§ **YOUR OBJECTIVE**
What the task requires is an exact printout of the listing below, pictures excluded.

§ **DATA PROVIDED**
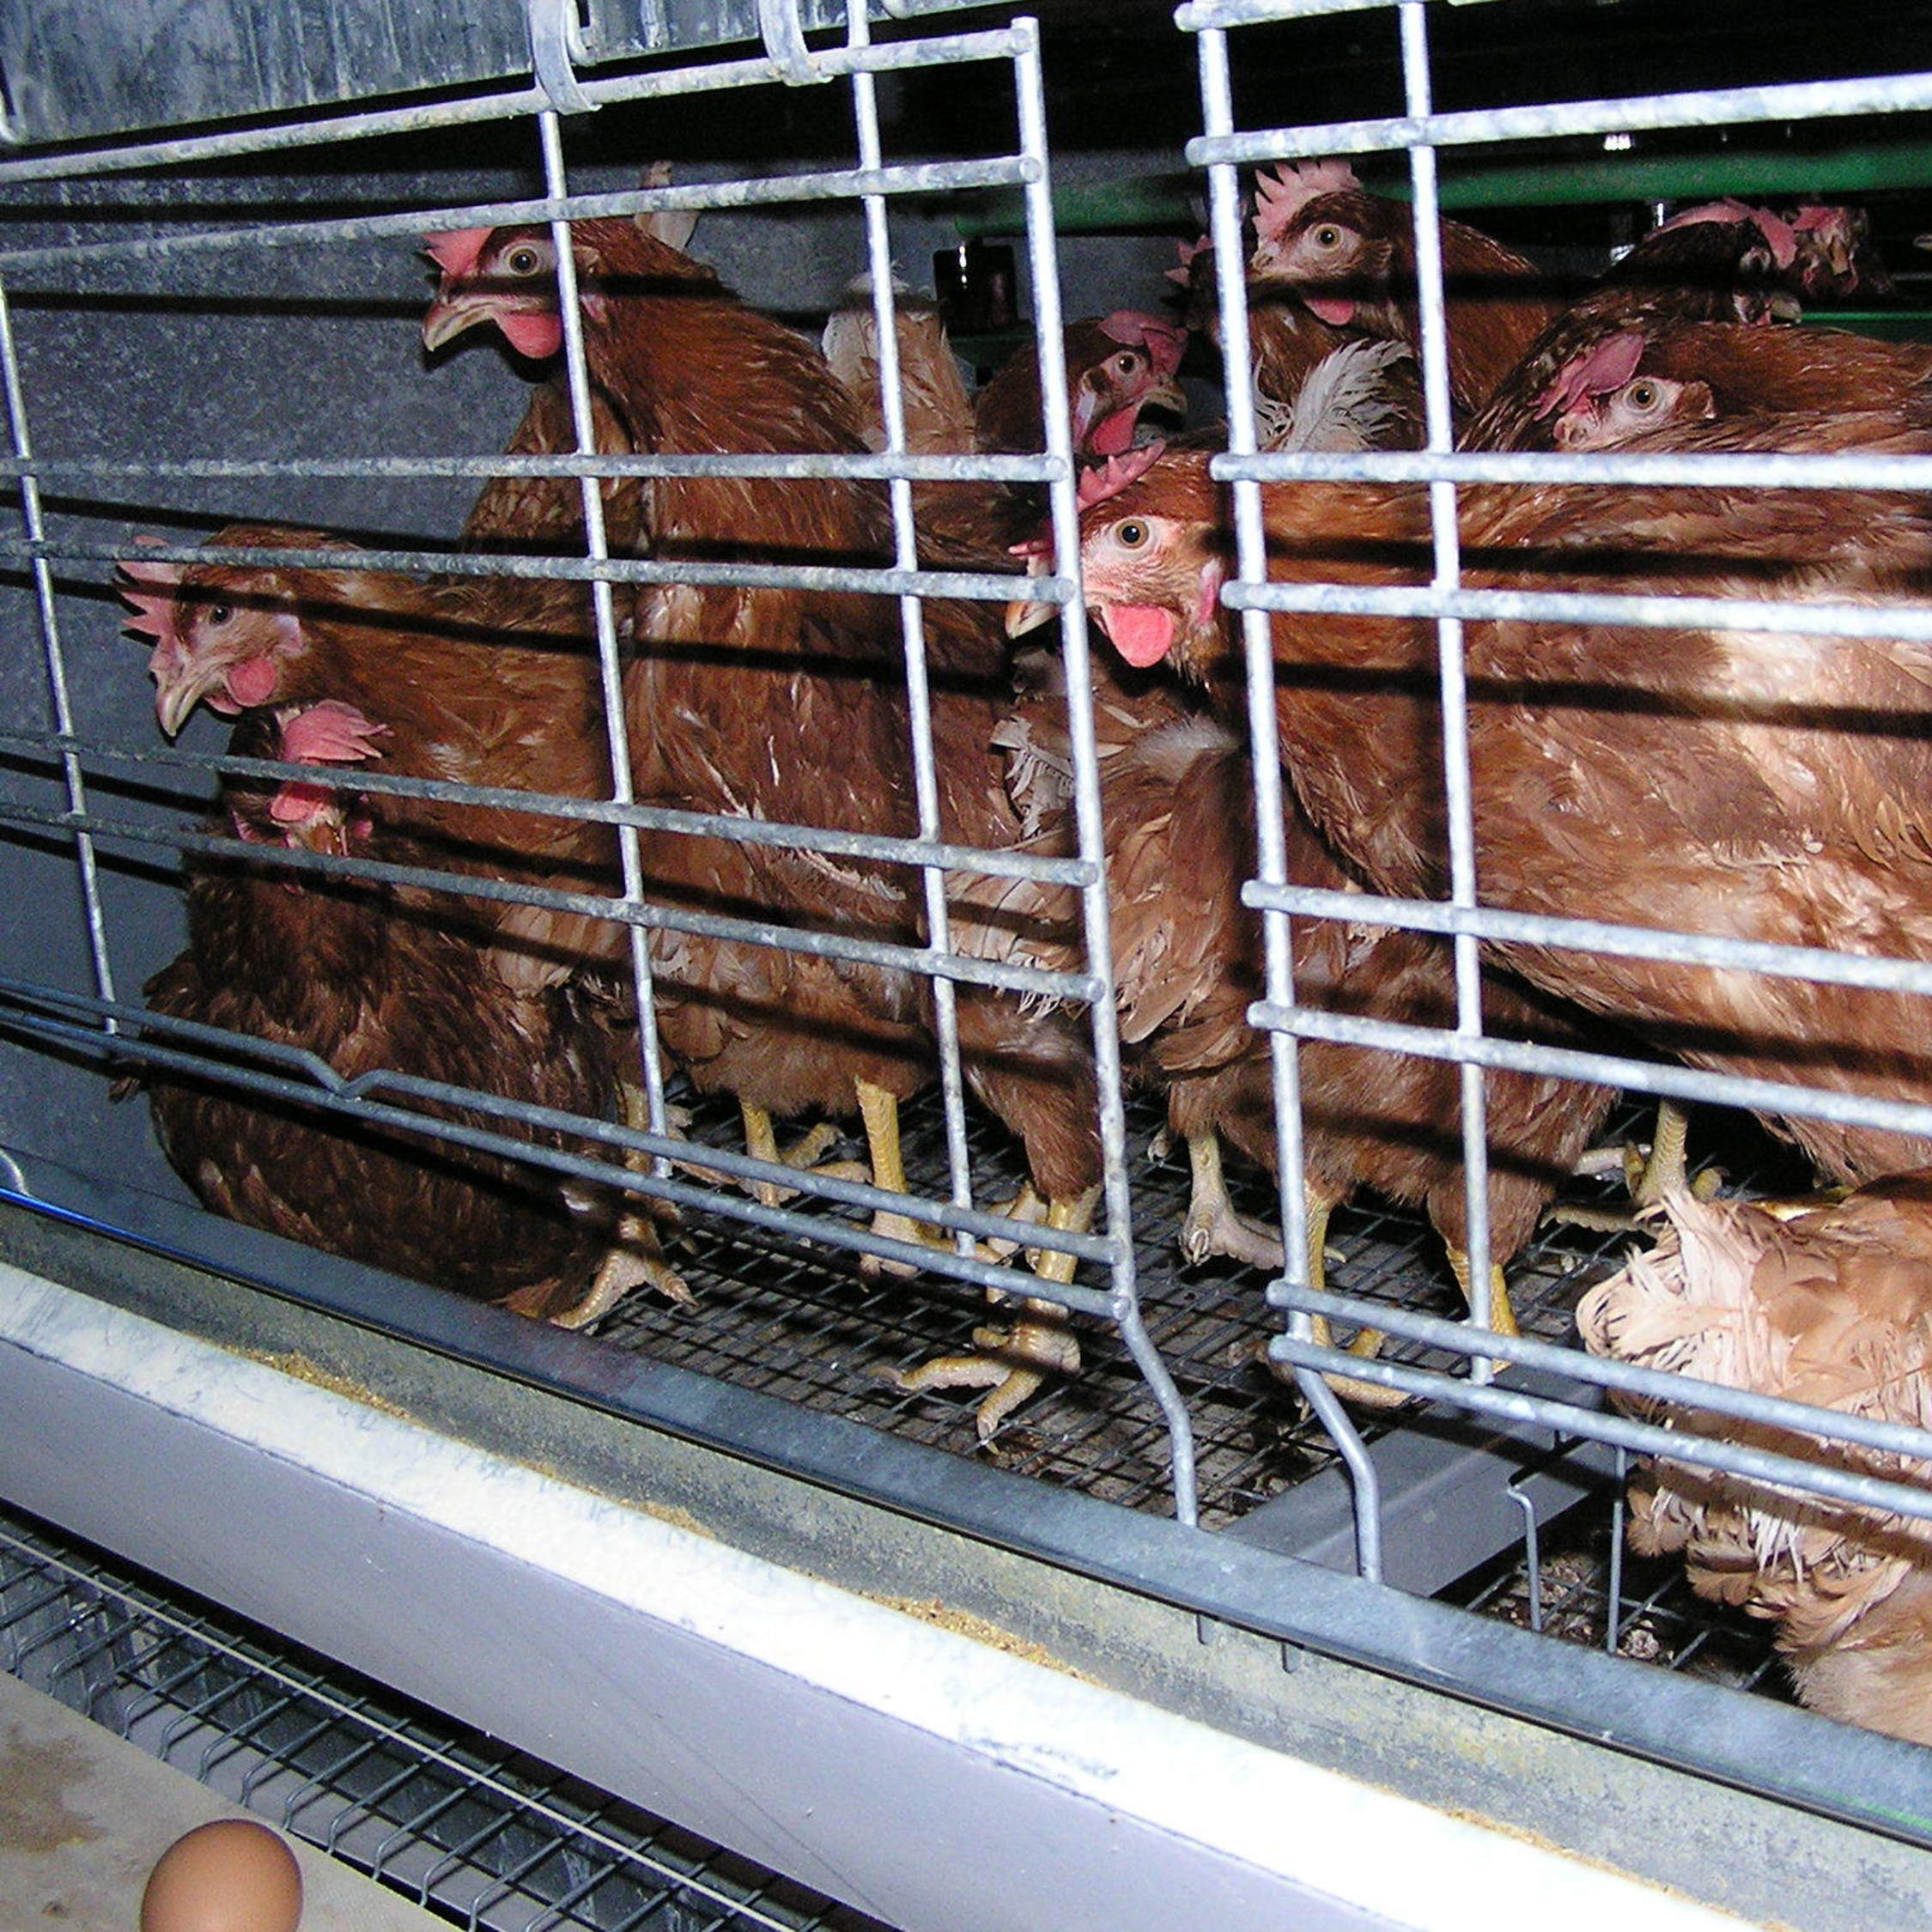 Laying hens in a small cage
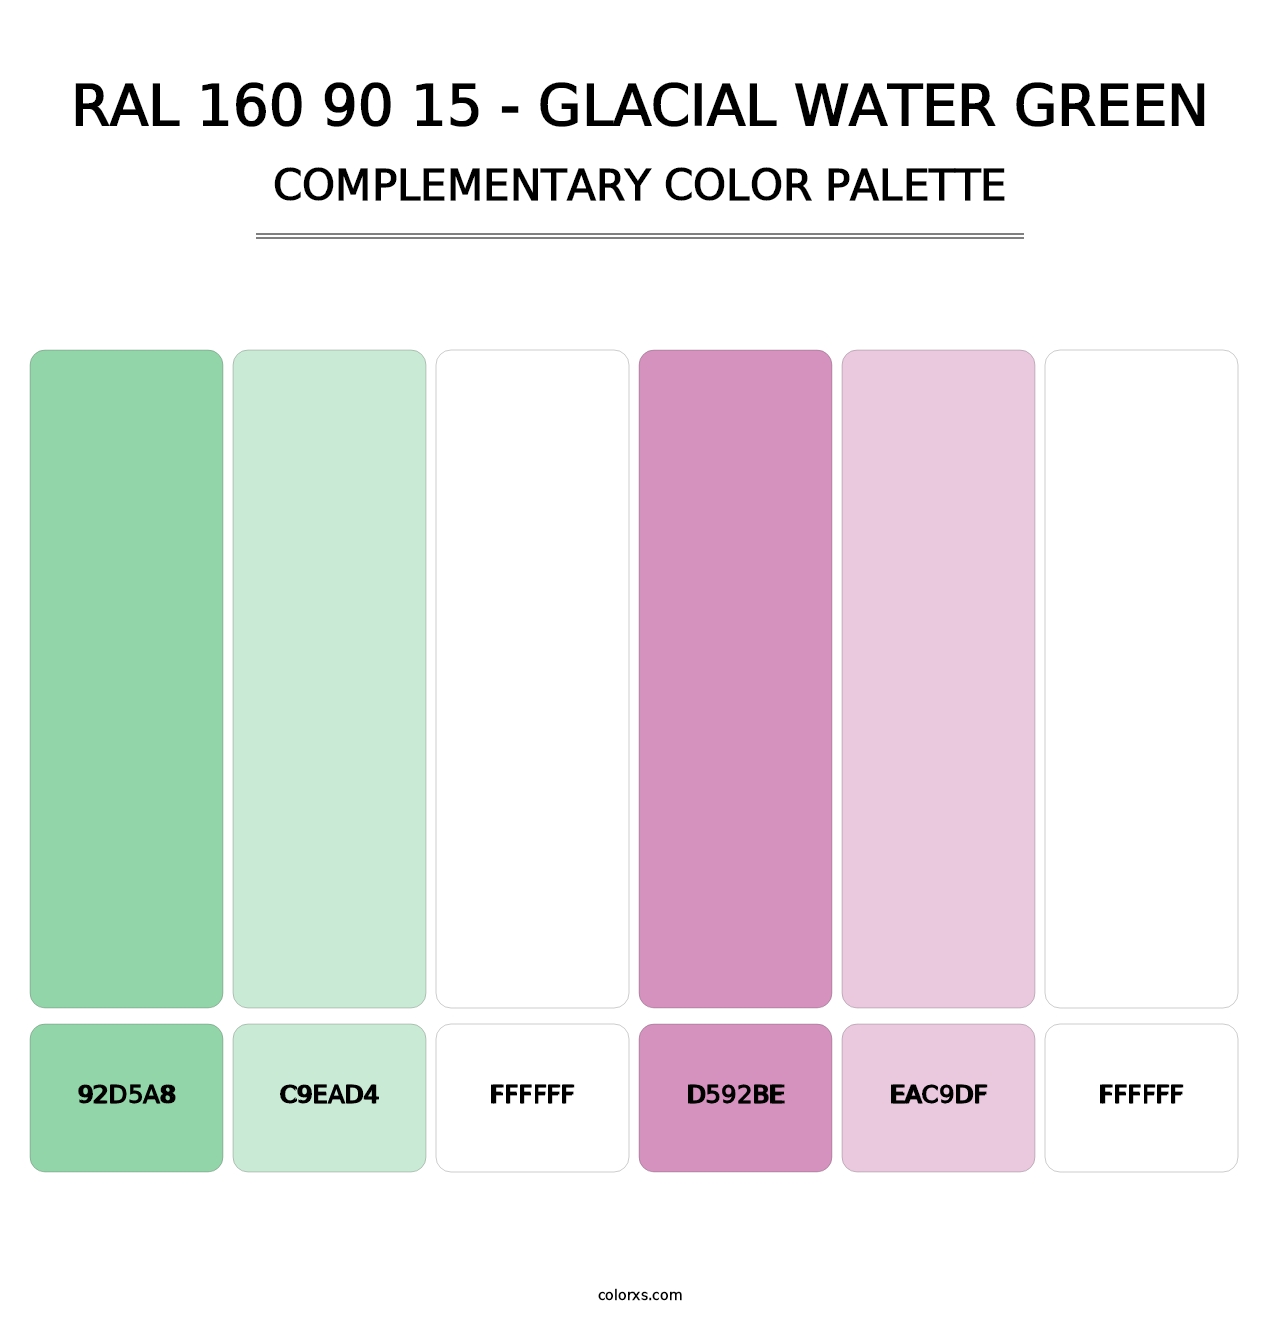 RAL 160 90 15 - Glacial Water Green - Complementary Color Palette
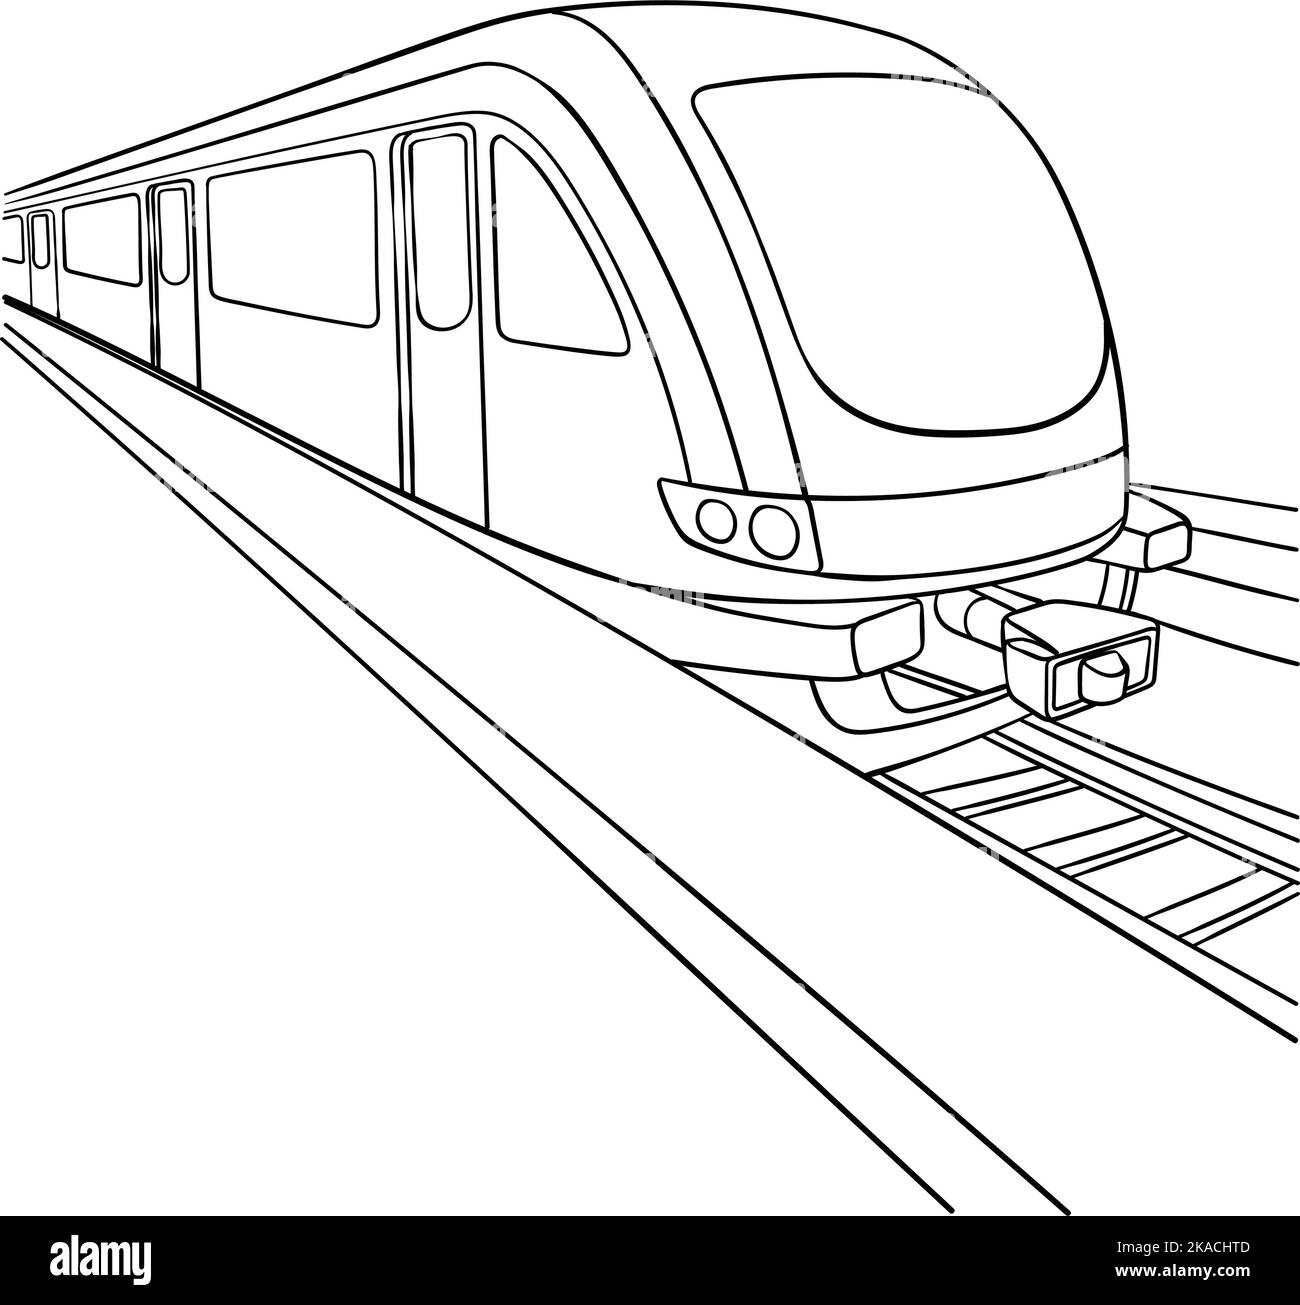 Train Sketch Metro Vector Images over 240
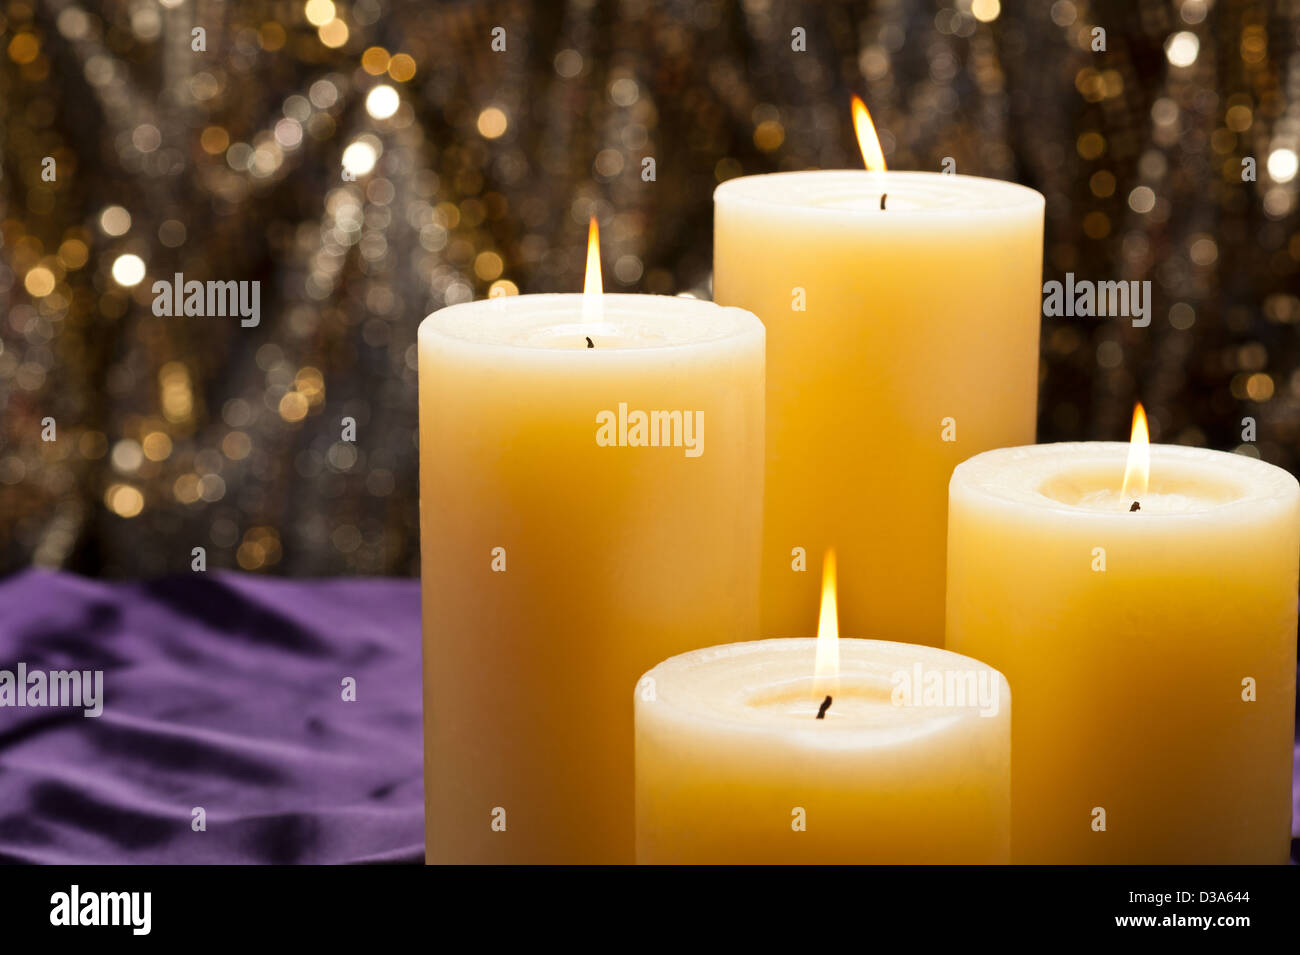 Four candles over purple velvet, with gold glitter background Stock Photo

§ **RESPONSE TO THE EXERCISE**
 Laying hens in a small cage
 RAL 160 90 15 - Glacial Water Green - Complementary Color Palette
 Train Sketch Metro Vector Images over 240
 Four candles over purple velvet, with gold glitter background Stock Photo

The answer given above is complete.